For two rolls, if your first roll gets 1 or 2 or 3, you will roll it again. In other words, you have 1/2 chance to do the second roll and get the expectation as 3.5. If 4 or 5 or 6, you will stop here since it is good enough above the expectation (3.5). For such outcome as 4 or 5 or 6, your average is 5 with another 1/2 chance. So the total expectation will be 1/2*3.5 + 1/2*5 = 4.25.
For three rolls, you will consider the case differently after the first rolls. If I obtain 5 or 6, I will stop here for just one roll since it achieve above my expectation. Otherwise, I will roll twice and obtain the expectation of two rolls as 4.25. In total, the expectation will be 2/3*4.25 + 1/3*5.5 = 14/3 = 4.67.
Suppose that we have k rolls and obtain the expectation $E$ above 5, we have to change the strategy again after the first roll. You can stop rolling if you get 6, otherwise keep going to obtain $E$ values. The new expectation will be like that: $$E_{new} = 1/6*6 + 5/6*E_{old} $$
For n rolls, write a program in Python as the following:
def die_fair_value(rolls):
cnt=1
val=3.5
while cnt < rolls:
if val < 4:
val = 1/2.0*5 + 1/2.0*val
elif val<5:
val = 1/3.0*5.5 + 2/3.0*val
else:
val = 1/6.0*6 + 5/6.0*val
cnt += 1
return val
The next throw is independent of the previous throws, so you only calculate the value of the future expected payoffs from the option to continue.

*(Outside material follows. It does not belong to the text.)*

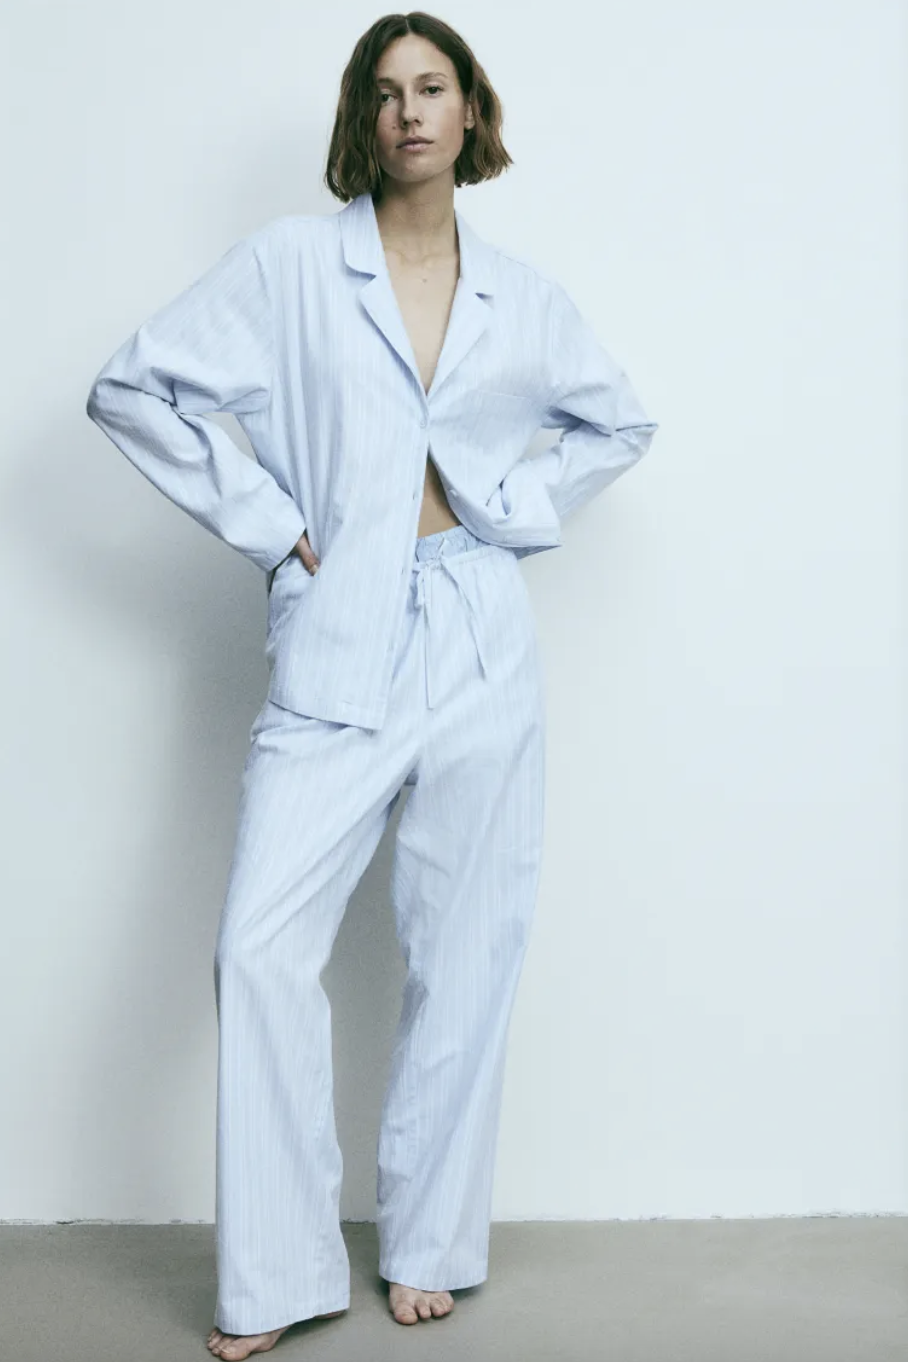 London Pyjama Top Dust Blue Silk
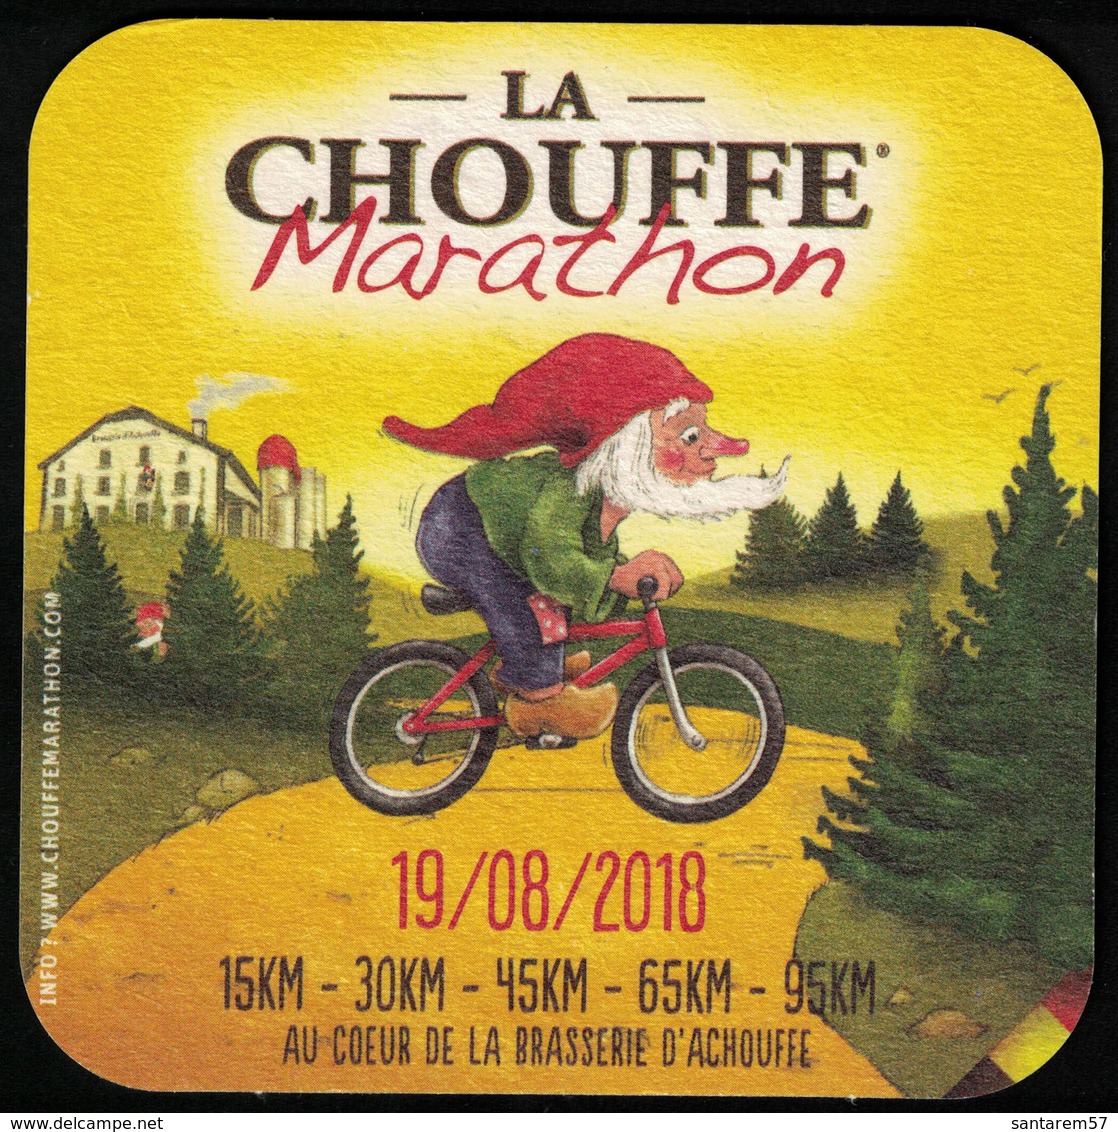 Belgique Sous Bock Beermat Coaster Bière Beer Chouffe Marathon Grande Choufferie 2018 - Sous-bocks

How many "$n$"s does the dice have, and what is their probability?
Let $\pi_1$ denote the price of the die roll, $\pi_2$ denote the price of the option, $\Phi$ denote the payoff and $A$ the event that the option is used so that $$ \pi_1 + \pi_2 = E[\Phi] = E[X\mid A^*]P(A^*) + \pi_1 P(A) $$ The option will be exercised when $X\leq\pi_1$ so $$ \pi_2 = -\pi_1 + E[X\mid X>\pi_1]P(X>\pi_1) + \pi_1P(X\leq \pi_1)\\ =(E[X\mid X>\pi_1] - \pi_1)P(X>\pi_1). $$ In this case, $\pi_1 = 3.5$ so $\pi_2 = (\frac{15}{3} - 3.5)\frac{1}{2} = 0.75$
Intuition: The value is the average excess in the good case multiplied by the probability of realizing the good case.